[Extracted data entries]
====

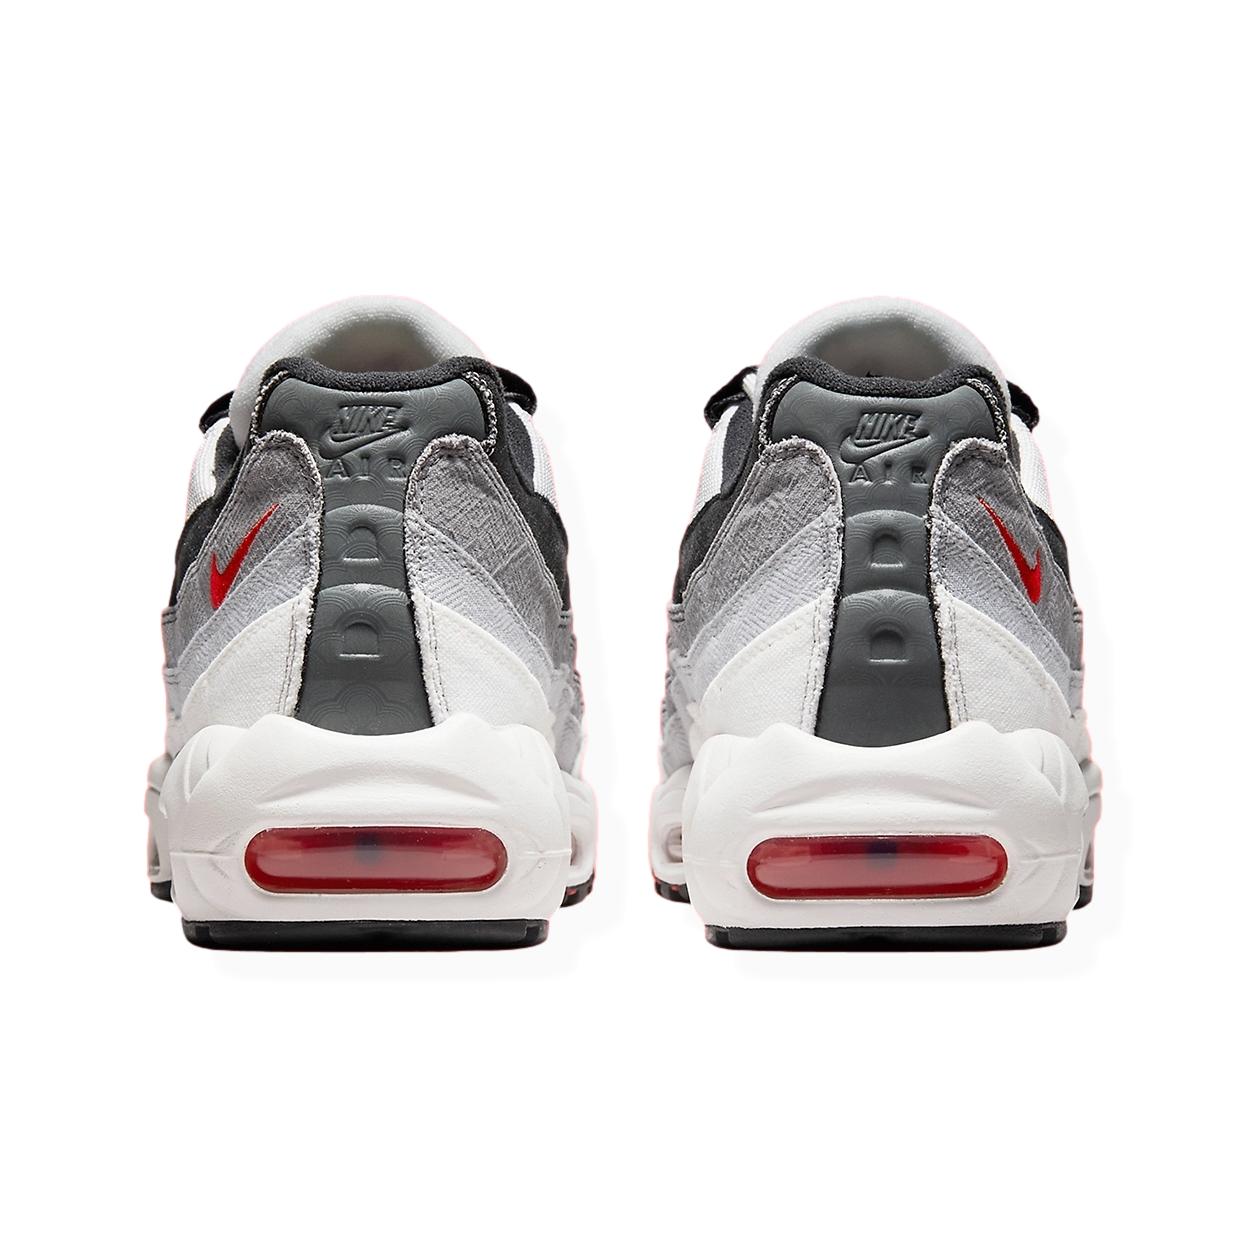 Nike Air Max 95 “Comet”
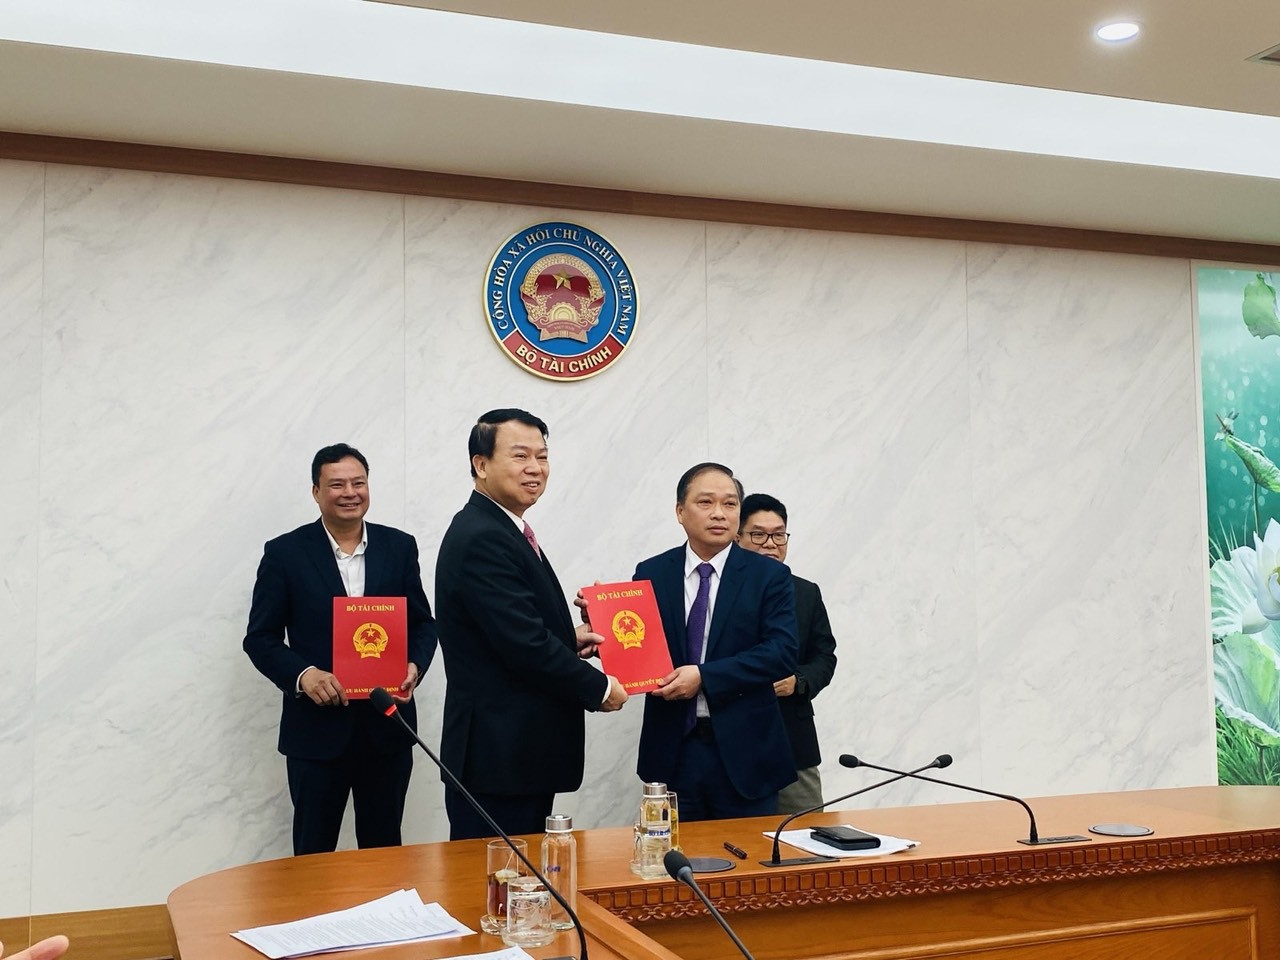 Thứ trưởng Bộ Tài chính Nguyễn Đức Chi trao Quyết định điều động và bổ nhiệm cho ông Lương Hải Sinh.
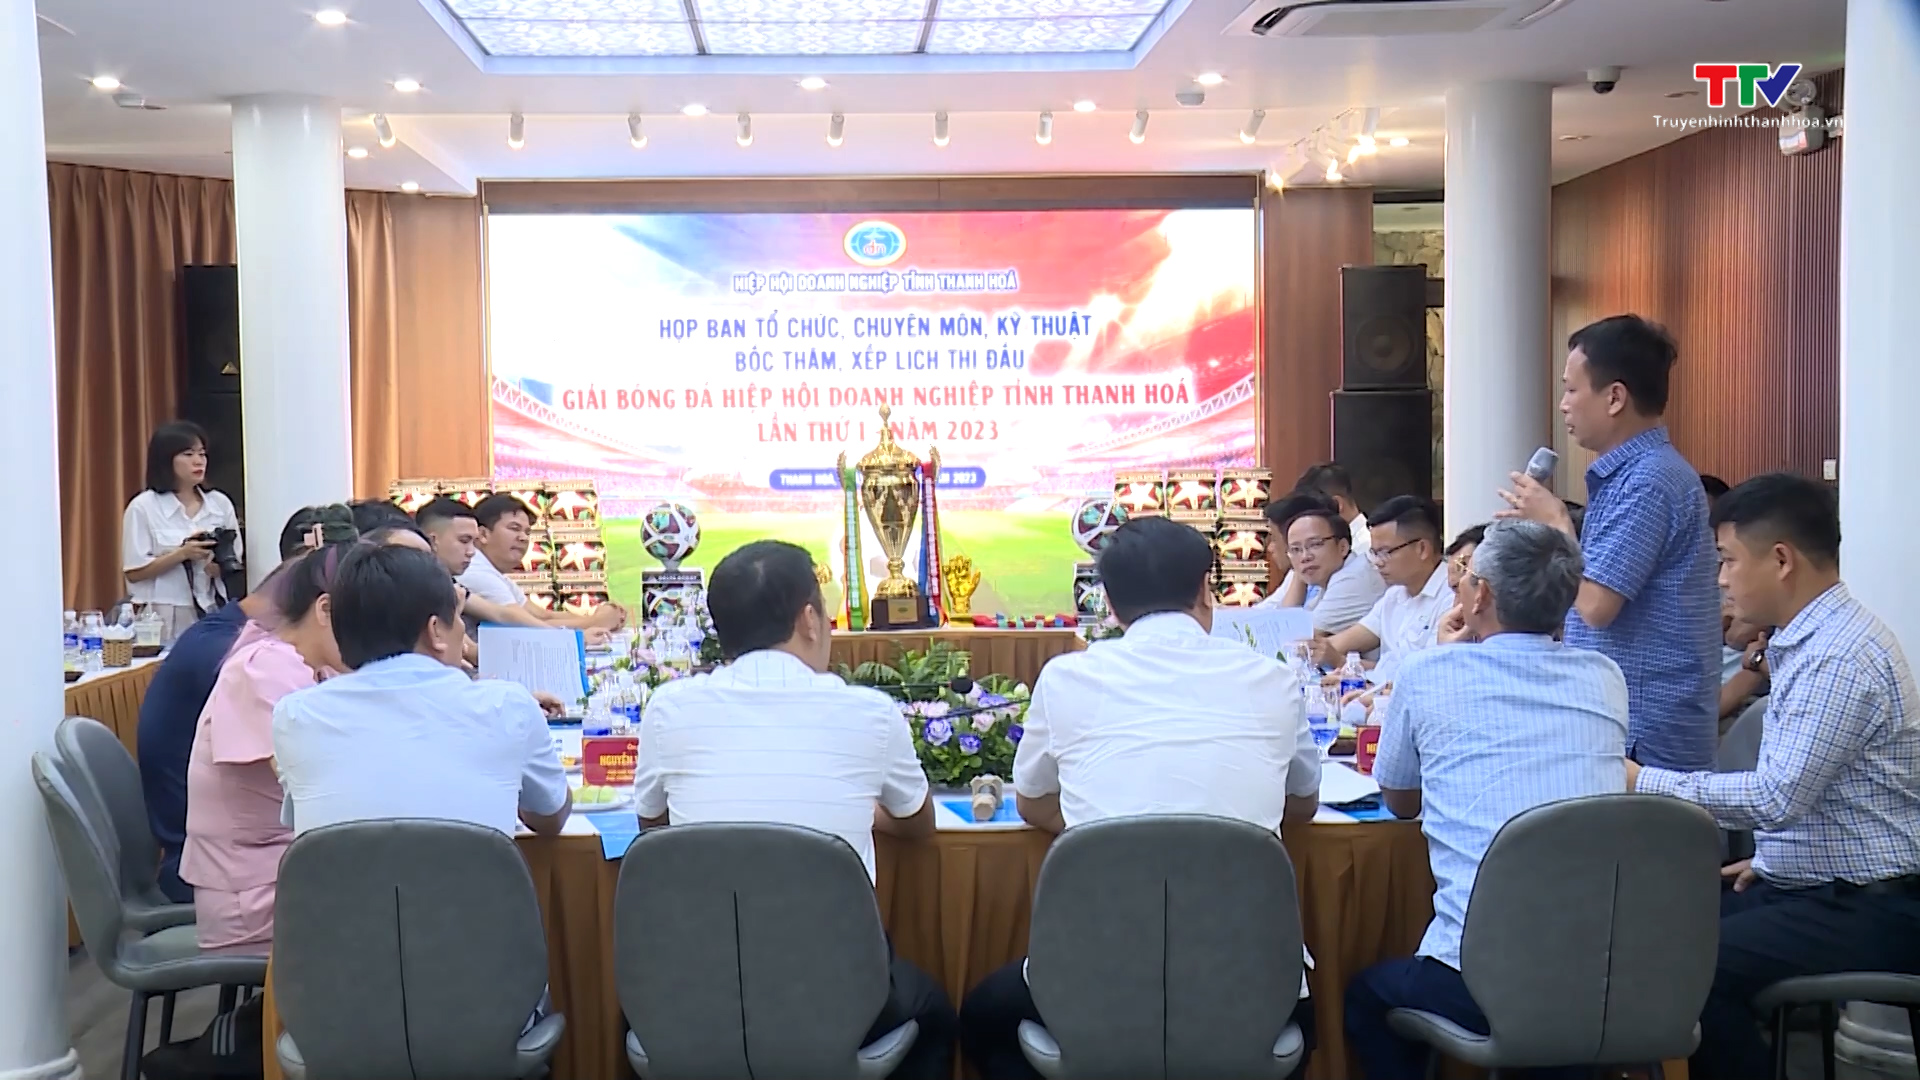 Họp Ban tổ chức và bốc thăm Giải bóng đá Hiệp hội doanh nghiệp tỉnh Thanh Hóa năm 2023 - Ảnh 2.
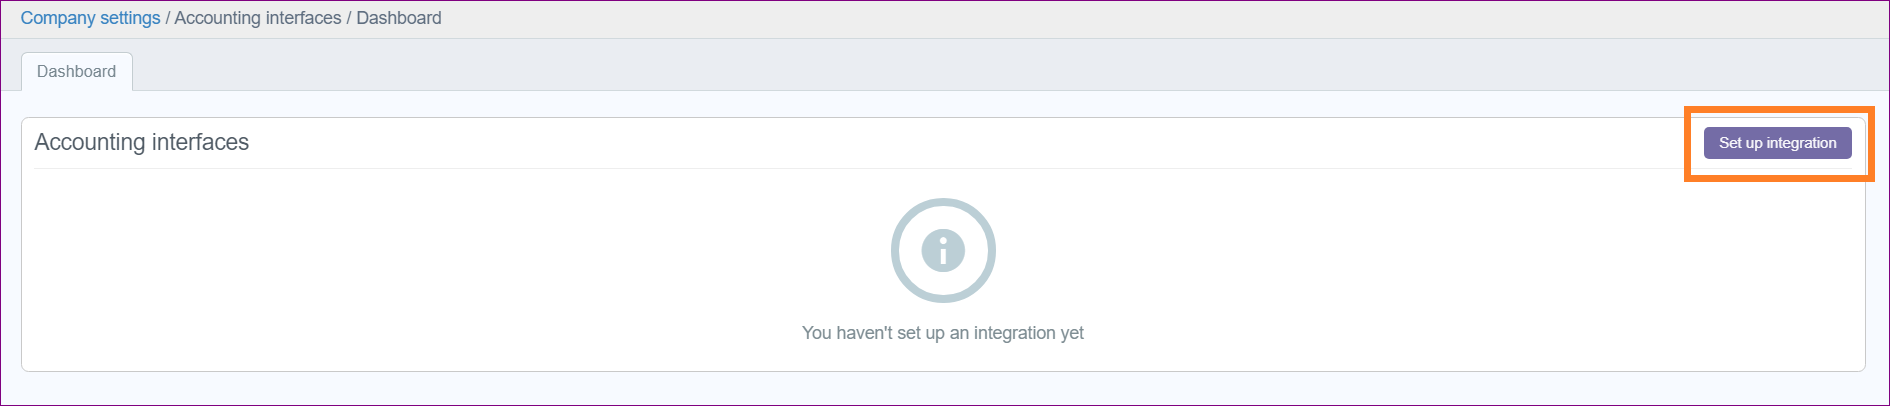 Integration_step_2.PNG
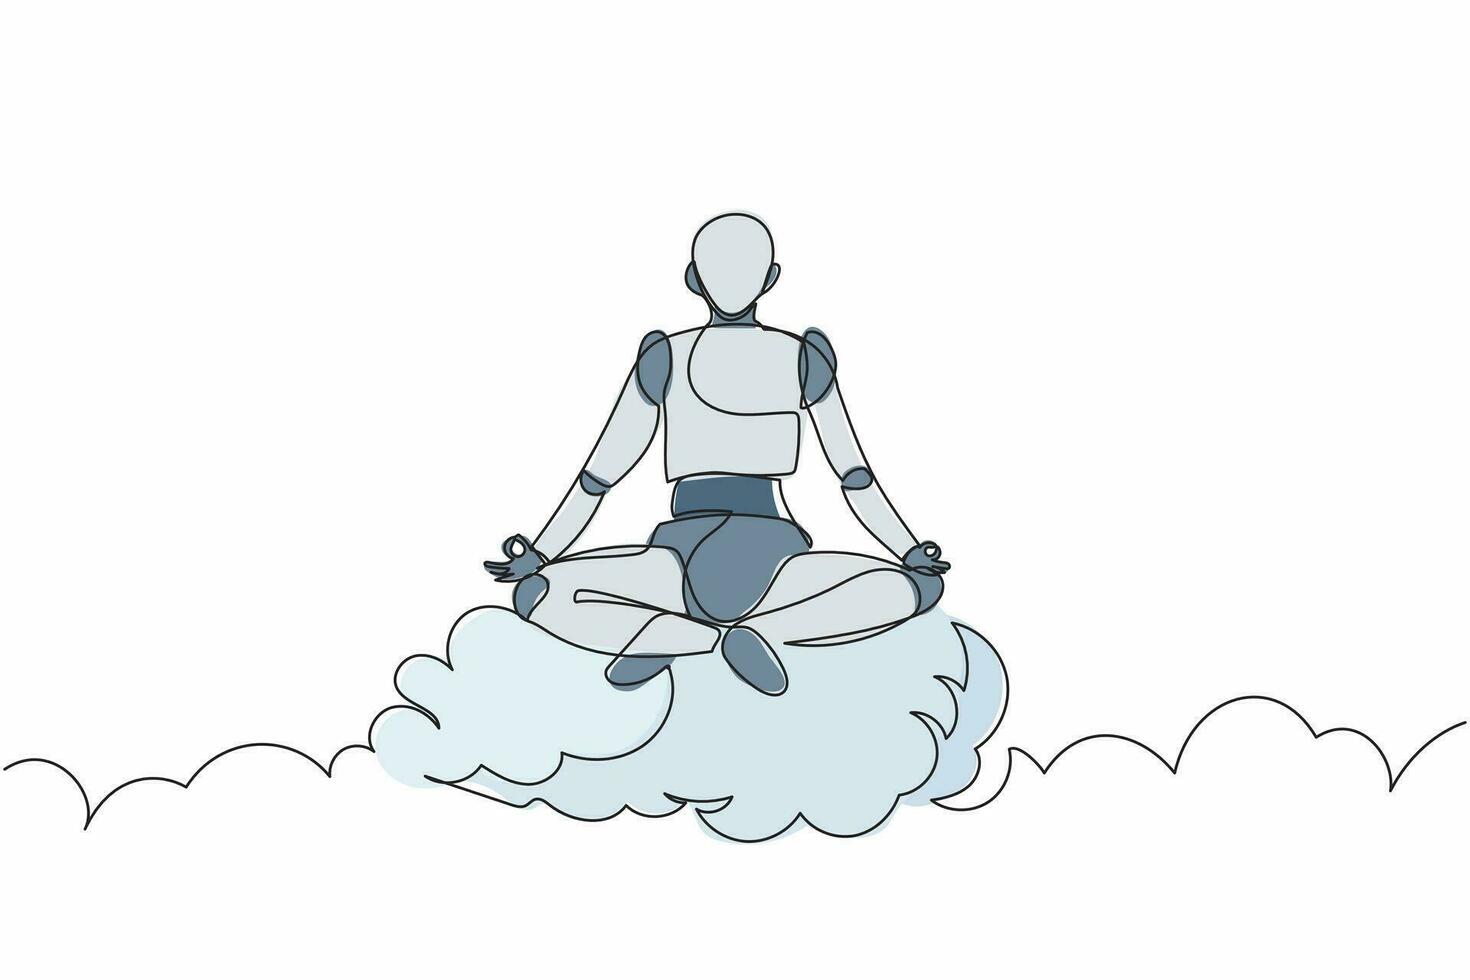 un seul robot de dessin en ligne continue médite et se repose en position de yoga sur les nuages. intelligence artificielle robotique moderne. industrie de la technologie électronique. une ligne dessiner illustration vectorielle de conception vecteur
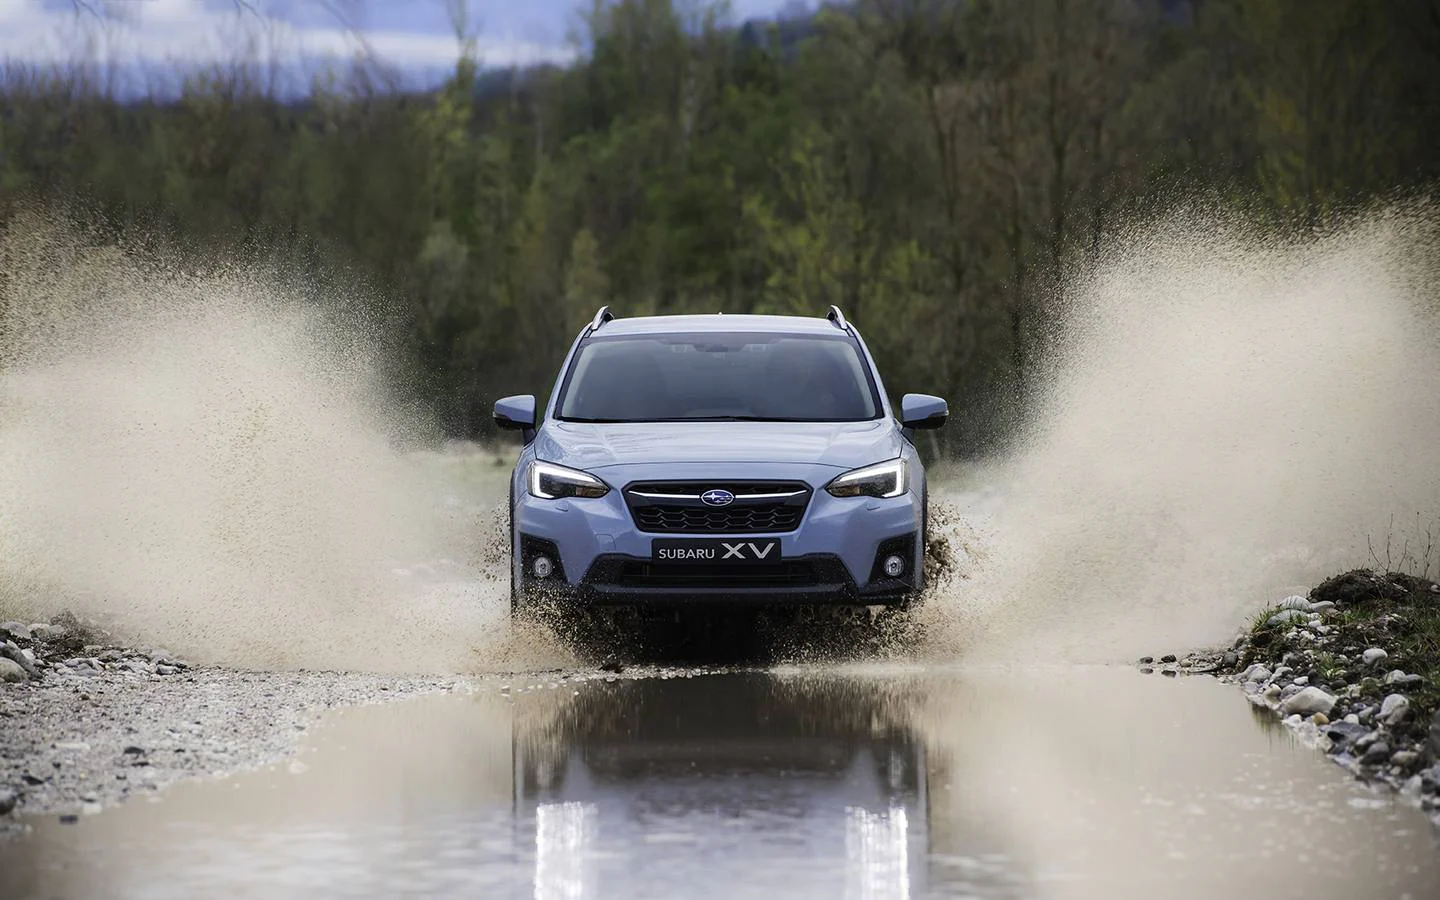 La segunda generación del Subaru XV empieza a venderse y las primeras unidades llegan a finales de año. Fiel a la tradición, equipa tracción a las cuatro ruedas, motor tipo bóxer y ahora solo se comercializa con cambio automático. La gama parte desde 21.900 euros que cuesta el 1.600.

====

▶ [EXERCISE GOAL] Set down only the lines from the one with "Thứ trưởng Bộ" through the end of the entries, exactly as they appear, leaving out each picture.

▶ [YOUR SOLUTION]
 Thứ trưởng Bộ Tài chính Nguyễn Đức Chi trao Quyết định điều động và bổ nhiệm cho ông Lương Hải Sinh.
 Họp Ban tổ chức và bốc thăm Giải bóng đá Hiệp hội doanh nghiệp tỉnh Thanh Hóa năm 2023 - Ảnh 2.
 Integration_step_2.PNG
 un seul robot de dessin en ligne continue médite et se repose en position de yoga sur les nuages. intelligence artificielle robotique moderne. industrie de la technologie électronique. une ligne dessiner illustration vectorielle de conception vecteur
 La segunda generación del Subaru XV empieza a venderse y las primeras unidades llegan a finales de año. Fiel a la tradición, equipa tracción a las cuatro ruedas, motor tipo bóxer y ahora solo se comercializa con cambio automático. La gama parte desde 21.900 euros que cuesta el 1.600.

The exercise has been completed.